Hi. I am jtwp470, a member of ctf team, g0tiu5a. The final score of our team was 65th, 3000 pts.

f:id:jtwp470:20161128005713p:plain

I have never written CTF writeup to use English. It is difficult for me to explain techniques to use English. I try to write CTF writeup using English because I am studying English.

Web

Black Suprematic Square

There are NOT a web link which connects to the problem. I searched a picture first, and I got a picture name. When I use the Chrome developer tools at the scoreboard, I found the hidden link.

Wow. Is it flag? This CTF has no flag format. :-1: So, I guess this is the flag!! I want to get a a character string but I don't install OCR software. (Because huge)

Do you know Google Cloud Vision API? This is free for trial only. I used this.

[
  {
    "locale": "it",
    "description": "a ima i wah si dupa\ni eru\nquei vahphiekah7u\ncee tai r9ai Gae1eS\nsaedoo4becooShoh\nhu8ei fahXi7EJoh2\ngaephechei 5chi P9\n",
    "boundingPoly": {
...

It is very fantastic! I fixed it by hand and I got a correct flag.

Flag: aima0AiwahsidupaiToehoong1PhieruqueivahphieKah7uceetair9aiGae1eSsaedoo4becooShohhu8eifahXi7EJoh2gaephechei5chiP9

Thank you Google!

Six Strange Tales

I felt this problem is really Web at first time. This problem was solved to use Chrome Developer tools like above the problem. I found a javascript code in the scoreboard.

 <!--
window.addEventListener('load', function () {
var b = document.getElementById('img');
var a = b.getContext('2d');
var d = new Image();
d.src = "http://i.imgur.com/GIYH3fA.png";
d.addEventListener('load', function () {
a.drawImage(this, 0, 0);
k = 174;
l = 345;
m = 12; 
n = 89; 
o = 671;
p = 18;
q = 222;
r = q-1;
c="rgba(0,0,0,0)"; 
if (navigator.userAgent == "Gravity Falls") 
c=c.replace(/(0)(\))/,"$1.5$2");
a.fillStyle = c;         
a.fillRect(q%m-6, k-3, n+r-q-2, 5-(p-q));
a.fillRect(2*(q+1), p+1, n+r-q+2, l+16);
a.fillRect(l+r-30, o%p-5, 2*l-600, q+5-p);
a.fillRect(q%n+42, o%p-5, o-600+p+1, 2*(p+1));
a.fillRect(176, o%p-5, 2*l-600, q/2*3+47);
a.fillRect(2*k+p-100, q%m-6, o-600+p+1, n+r-m/2);
a.fillRect(o%p-5, q%m-6, 2*l-604, k-p-4);
a.fillRect(2*k+p-100, q/2*3-10, 3*m+p*3, (p+1)*3);
a.fillRect(2*k+p-m+2, q%m-6,2*l-600, q+n+m-190);
a.fillRect(2*k+p-10, k-p-m/3, o-600+p+1, r+m*2/3+p);
a.fillRect(n-3, q-k+9, 2*(l-300), q+n+m);
a.fillRect(l+q-31, q+m/2,2*l-600, k-p-m/3);
a.fillRect(o-2*p-p/2, q%m-6, 2*l-600, q/2*3+47);
},false);},false);
// -->

Because of this script, I changed the user-agent to "Gravity Falls". (Note: You don't use curl because curl is not able to eval javascript code.)
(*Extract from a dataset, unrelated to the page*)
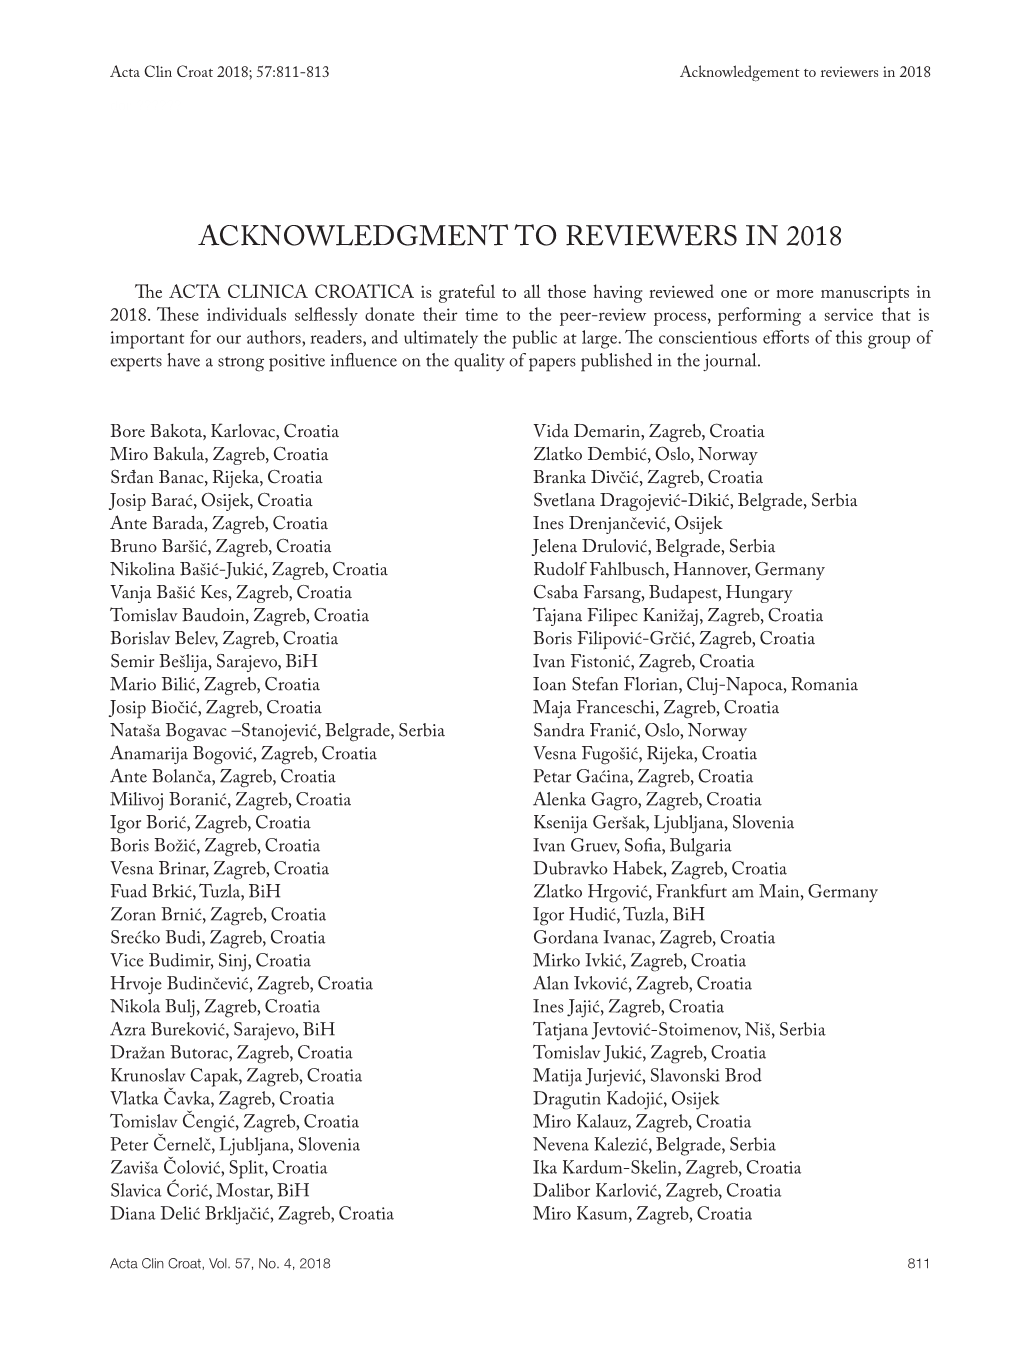 ACKNOWLEDGMENT to REVIEWERS in 2018.Indd

Wow. A piece of flag came out!! I red the problem to get flag.

Gruncle, but how should we read the secret? From left to right or right to left? Or maybe upside down? It depends on whether you are a Christian, a Muslim or a Taoist...

I tried to read from upside down, left to right and right to left.

The "left to right" is generated a correct flag.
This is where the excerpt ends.